**Given entries:**
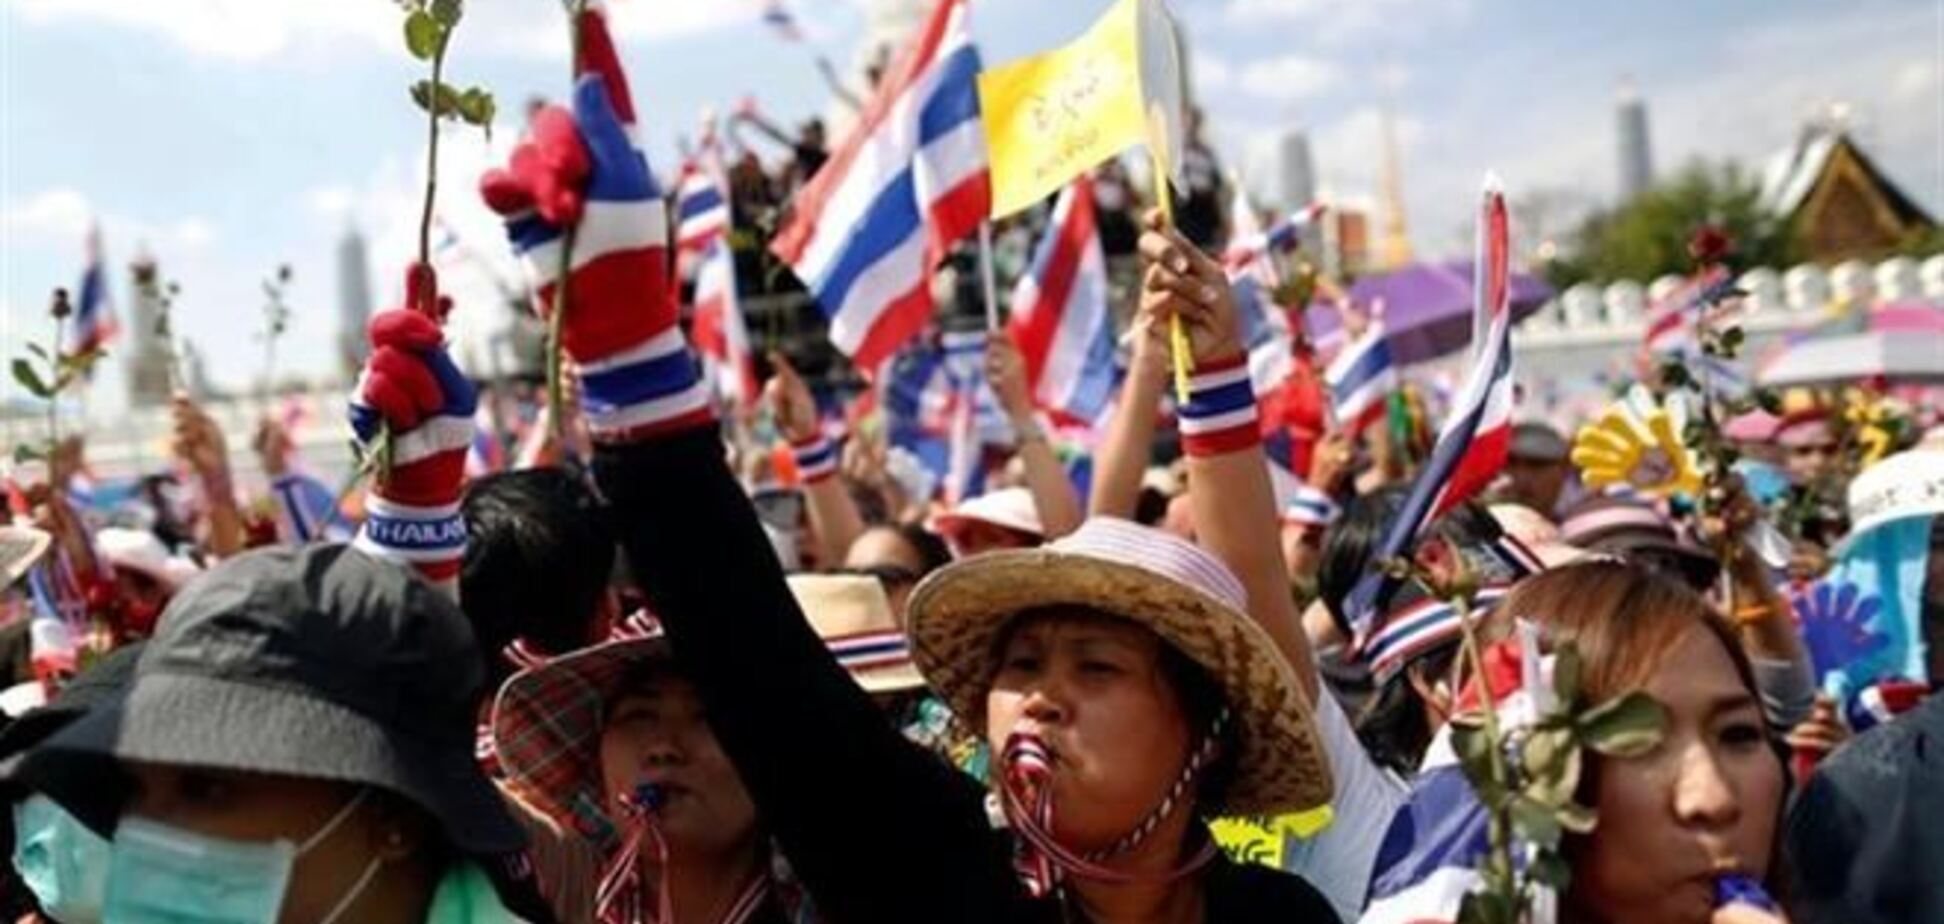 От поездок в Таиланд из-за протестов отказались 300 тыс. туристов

---

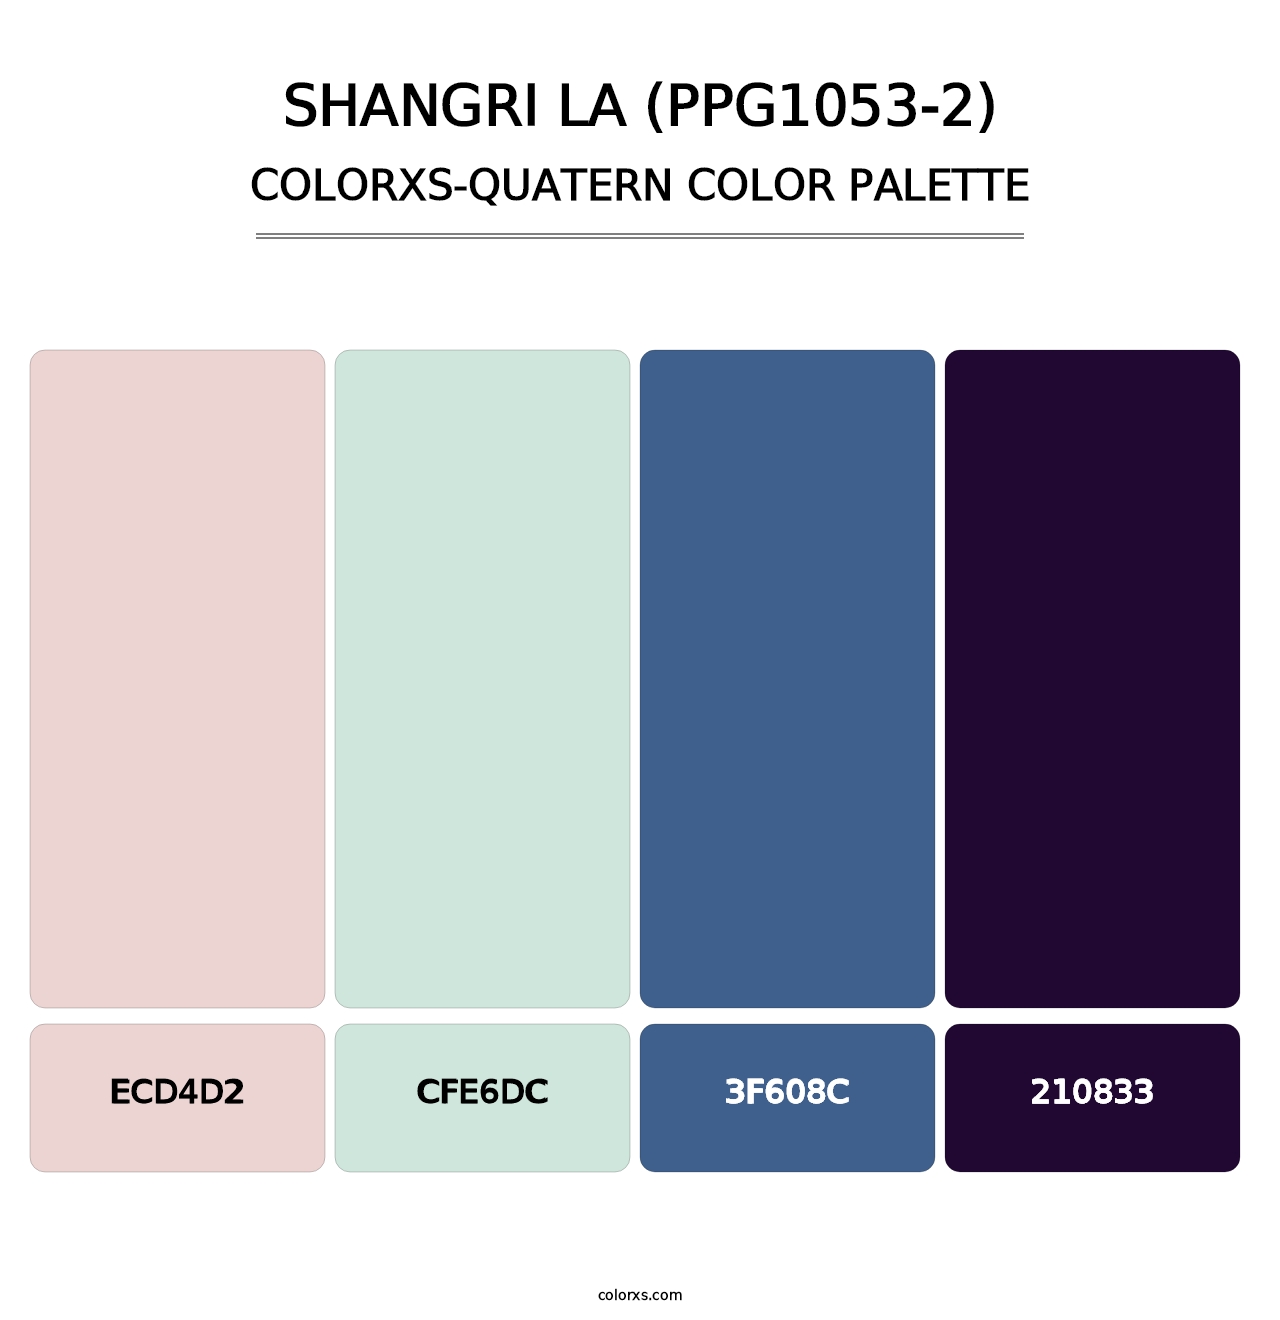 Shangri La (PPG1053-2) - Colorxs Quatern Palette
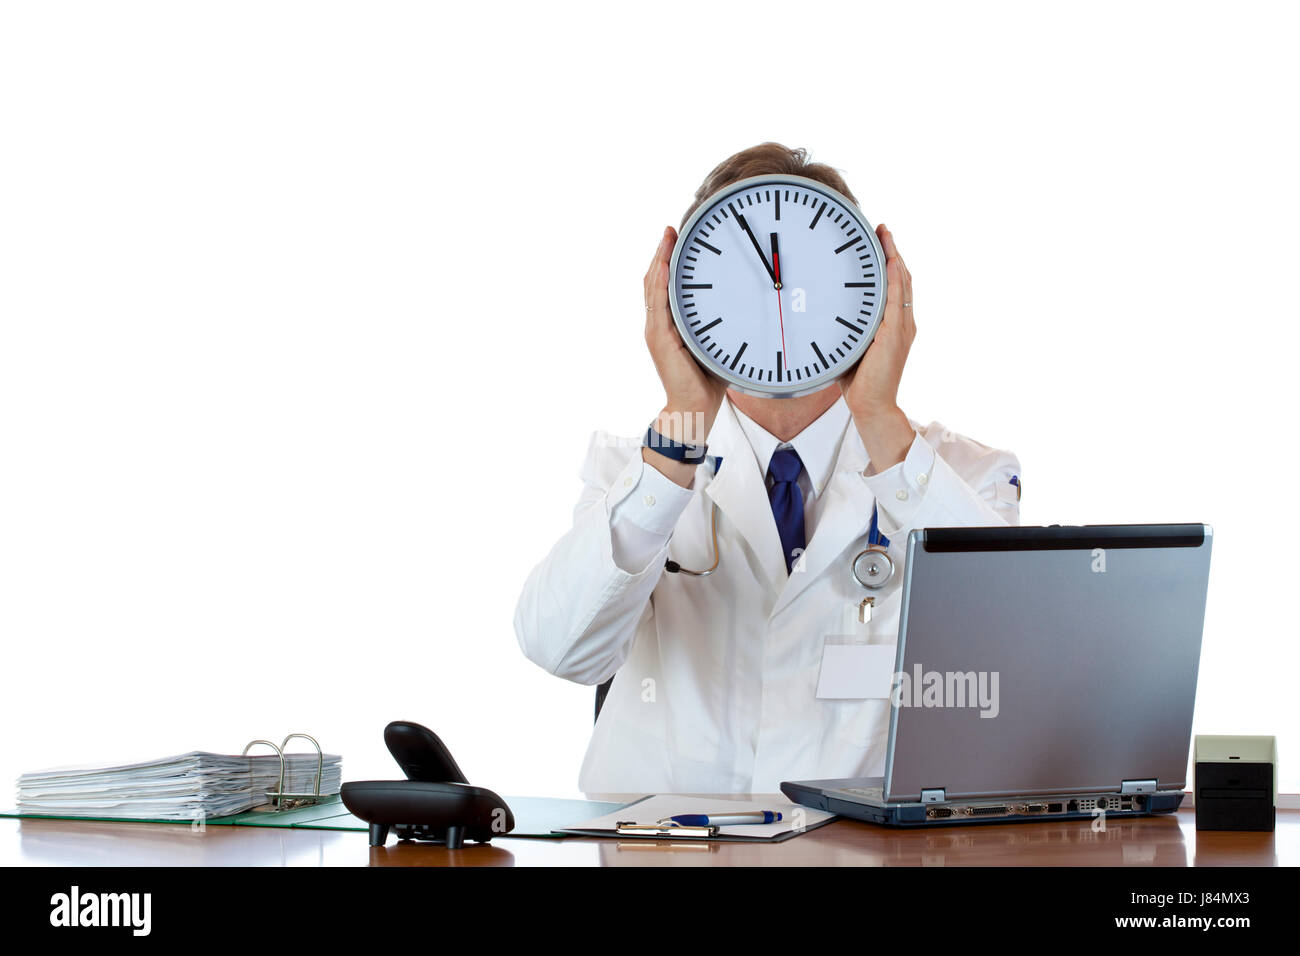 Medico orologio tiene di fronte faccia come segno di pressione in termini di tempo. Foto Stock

**Your task:**
Working from the data above, repeat exactly, and only, the lines that begin at the line containing "Shangri La (PPG1053-2)" and stop after the line containing "Medico orologio tiene"; pictures are not copied.

**Result of the task:**
 Shangri La (PPG1053-2) - Colorxs Quatern Palette
 Medico orologio tiene di fronte faccia come segno di pressione in termini di tempo. Foto Stock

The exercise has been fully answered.